Niels Voss (Feb 03 2025 at 07:32):
One disadvantage of the current approach is that because the single value of Constrain empty (where empty is the non-halting computation) is Classical.choice _, we have no way to tell what it is. This means that if we have two computations c1, c2 where c1 converges and c2 diverges, it is impossible to determine whether or not c1.run = c2.run. There are also some other problems, such as not being able to distinguish between a converging and diverging computation based on .run alone.
Because of this, I think it's better to define Constrain to be an Option instead.
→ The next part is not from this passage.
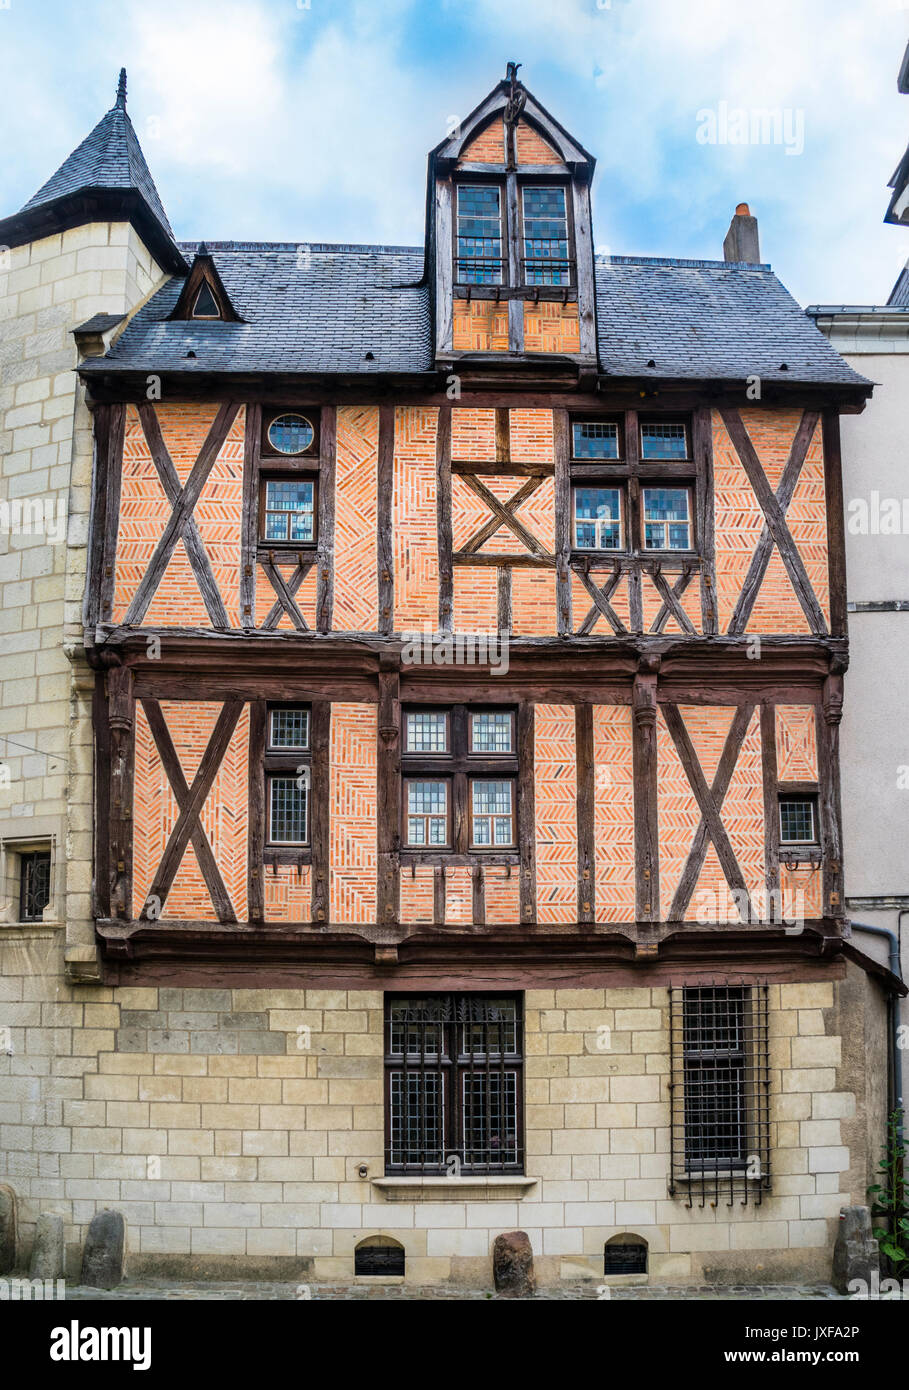 La France, pays de la Loire, Angers, cité médiévale maison à colombages Rue Saint-Aignan Banque D'Images

This also makes things cleaner, and the old value can always be recovered with Divergence.run.getD default, possibly replacing default with an infinite loop if all you have is a Nonempty instance and don't want to mark the definition as noncomputable.
import Mathlib.Data.PFun
import Mathlib.Data.Seq.Computation
import Mathlib.Control.Fix
import Mathlib.Tactic
set_option autoImplicit false
def Option.toComputation {α : Type*} : Option α → Computation α
| .some a => .pure a
| .none => .empty α
theorem Option.eq_of_equiv_toComputation {α : Type*} (a b : Option α)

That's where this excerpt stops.